The FCC’s lack of transparency operates on a number of levels. First, when the agency announces a rulemaking, it rarely suggests specific rules and sometimes does not even ask specific questions for parties to address. Second, the FCC’s notice-and-comment processes are often a meaningless precursor to the “real” discussion that occurs during the so-called ex parte process, where parties file short statements that, at least often in practice, do not set out the full extent of oral discussions. This unofficial opportunity for comment, which is not regulated by any legal framework and generally is available only to those well connected to the agency, was judged by FCC Chairman Powell in 2005 as “out of control.”[82] Finally, when the FCC announces its adoption of an order, it often does so without releasing the actual text, raising questions as to what the agency actually voted on and what happens between the so-called vote and the final issuance of the order-which can take place many months later. I will discuss how and why the FCC needs to reform each of these shortcomings.
In terms of the use of rulemaking proceedings, the FCC has gotten into the habit of commencing wide-open rulemakings that do not propose specific rules and leave parties with the challenge of guessing what issues are really important-or reserving their energies and resources until the ex parte process when that might become clear. Technically speaking, this practice does not violate the Administrative Procedure Act, as that law only specifies that NPRMs must include “a description of the subjects or issues involved.”[83] Practically speaking, however, this practice undermines the opportunity for meaningful participation and effective deliberation.
To appreciate the real world impact of the FCC’s practice, consider the case of a recent initiative to impose requirements on local radio stations to compile playlists and community outreach efforts.[84] The basic idea behind the proceeding-to develop more information related to how radio stations operate-was a noble one (see Part III, below), but the way it was conducted deprived the public and affected parties of key information that could have informed their participation and feedback. In that case, radio lobbyists were left scrambling to find out relevant details about the specific proposal, such as who would have to submit such reports and how often.[85] Unfortunately, the situation was hardly unique, with “[c]ommunications lawyers and lobbyists privately complain[ing] they have difficulty figuring out the status of their issues at the FCC.”[86] This state of affairs raises the obvious question that, in an environment where even some well-connected lobbyists cannot discern such information, how can ordinary consumers hope to offer meaningful input?
To remedy the FCC’s use of vague and generalized NPRMs, the agency should commit to publishing model rules or at least specific suggestions on any topic it envisions addressing to set the stage for public comment. If the agency engages in the strategic planning effort suggested above, disclosing more relevant details at the outset of proceedings should flow naturally.

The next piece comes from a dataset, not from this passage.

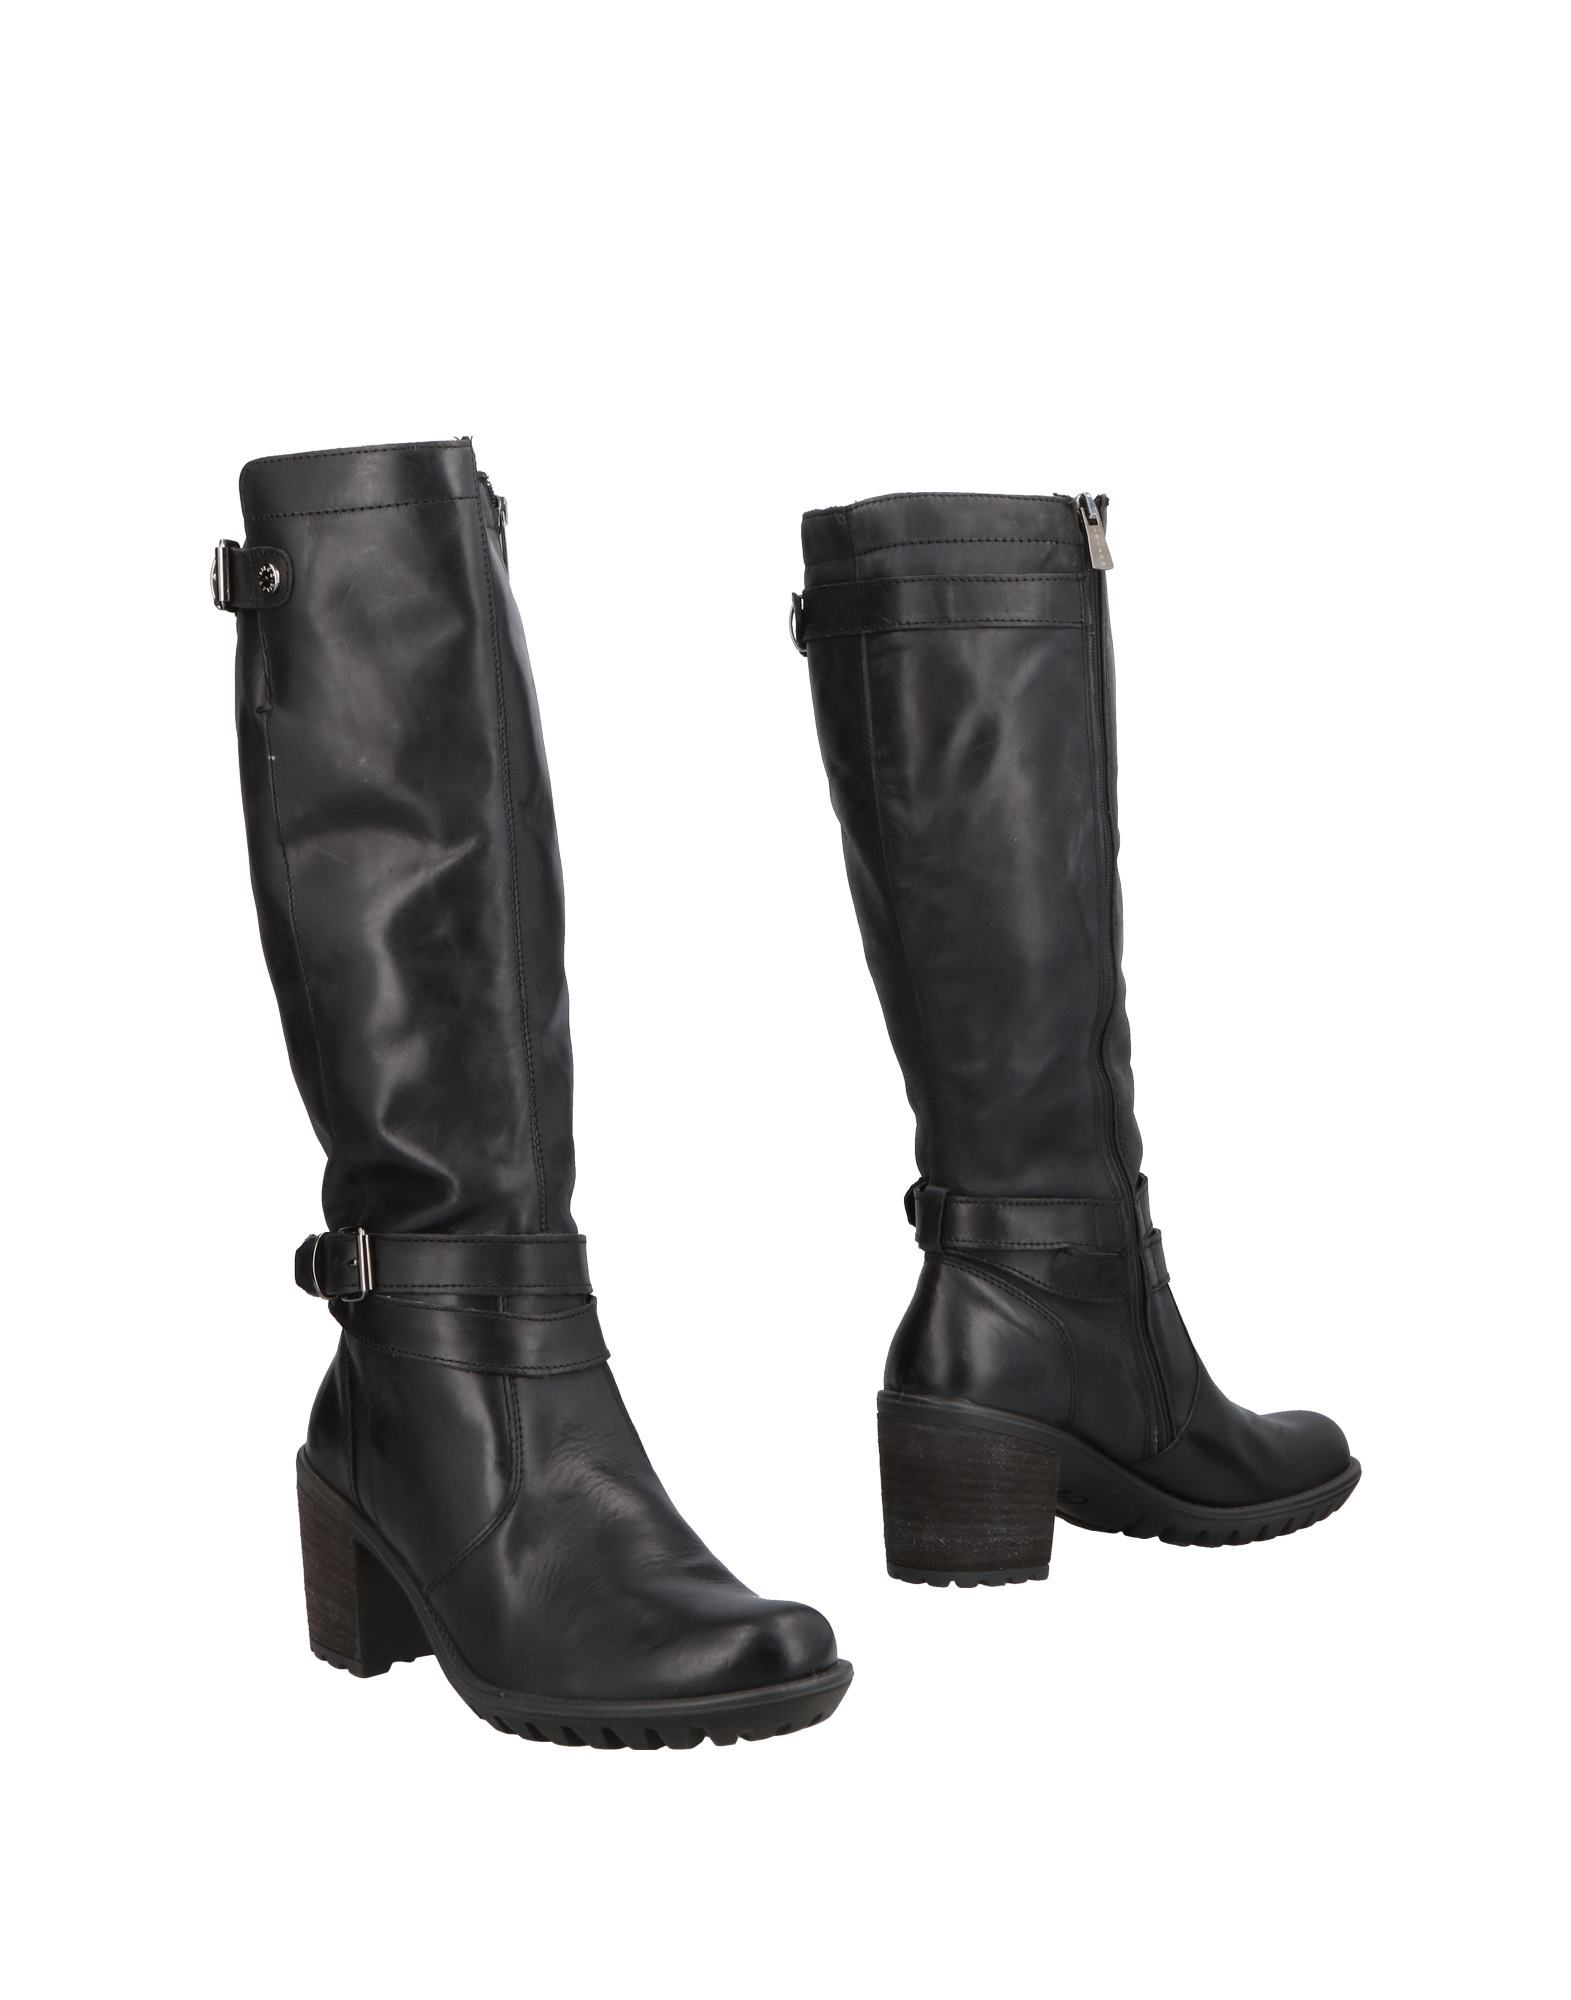 Igi&Co Stiefel Damen  11504529DH Gute Qualität beliebte Schuhe Schuhe Schuhe 86102e

Notably, releasing the proposed rules up front is the common practice for many other agencies;[87] for the FCC, however, it constitutes the exception. This places the FCC far outside the norm of most agencies, which release notices that “routinely contain the full text of the rule as well as lengthy preambles, including the information, data, and analyses upon which the agency relied.”[88]
If the FCC persists in opening proceedings with only a general description of the relevant issues, it has two options for providing sufficient notice and enabling effective deliberation. First, it could begin with a Notice of Inquiry, which is designed to elevate the agency’s understanding of an issue and not to generate binding rules. Alternatively, if it does use an NPRM with limited disclosure of the issues that ultimately emerge as important, it should issue a Further Notice of Proposed Rulemaking, as the agency recently did in the so-called D Block proceeding (which was designed to facilitate the emergence of a private-public partnership for public safety communications).[89]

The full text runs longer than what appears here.